What is a beautiful soup bound method?

Question:

I’m experimenting with http://robobrowser.readthedocs.org/en/latest/readme.html, a new python library based on the beautiful soup library. I’m trying to test it out by opening an html page and returning it within a django app, but I can’t figure out to do this most simple task. My django app contains :

def index(request):    

    p=str(request.POST.get('p', False)) # p='https://www.yahoo.com/'
    browser = RoboBrowser(history=True)
    browser.open(p)
    html = browser.find_all
    return HttpResponse(html)

when I look at the outputted html I see:

<bound method BeautifulSoup.find_all of 
    <!DOCTYPE html>
    <html>
    ......................
        <head>
    ...............
        </body>
    </html>
>

What is a beautiful soup bound method? How can I get the straight html?

Asked By: user1592380

||

Answers:

It’s a method object, bound to the BeautifulSoup object. You didn’t call it.
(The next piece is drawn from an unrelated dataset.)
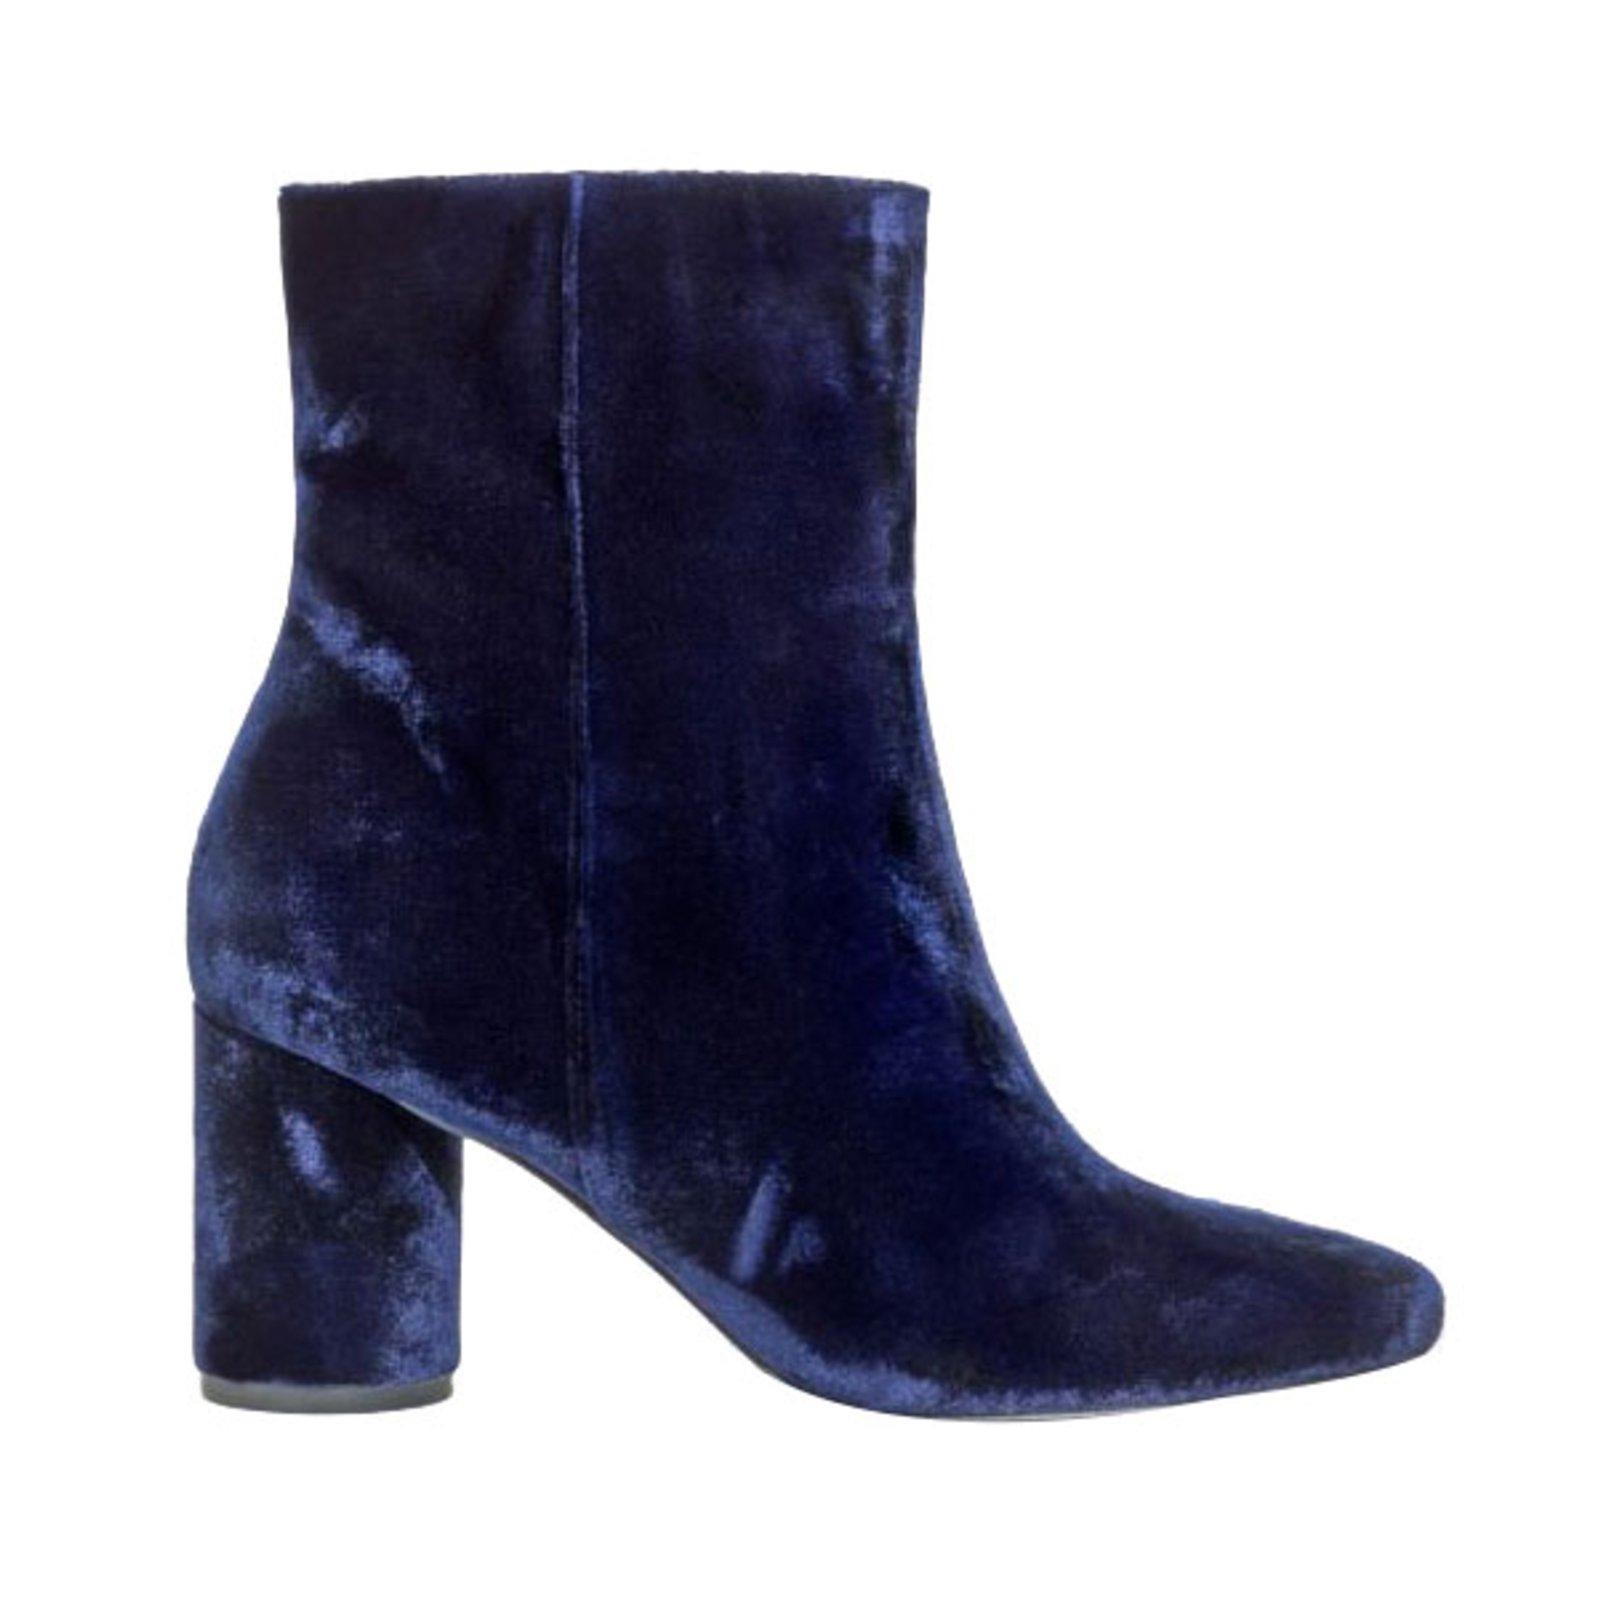 Other Stories Ankle Boots In Velvet Ankle Boots Velvet Navy Blue

It’s representation is a little confusing because the repr() of the BeautifulSoup parse tree is included, which is simply the tree rendered as a HTML source string.

To get to the underlying BeautifulSoup parse tree, you can use; use str() to turn that back into a source string:

html = str(browser.state.parsed)

Alternatively, you can still access the original requests response object with:

browser.state.response

which means that the original downloaded HTML is found as:

html = browser.state.response.content
Answered By: Martijn Pieters

BeautifulSoup is a Python package used for parsing HTML and XML documents, it creates a parse tree for parsed paged which can be used for web scraping.

There are many Beautifulsoup methods, which allows us to search a parse tree. If we search out of that tree it will be out of bound.

.next_sibling and .previous_sibling are the tags that are used for navigating between page elements that are on same level of the parse tree.

Reference

Answered By: Md Shayon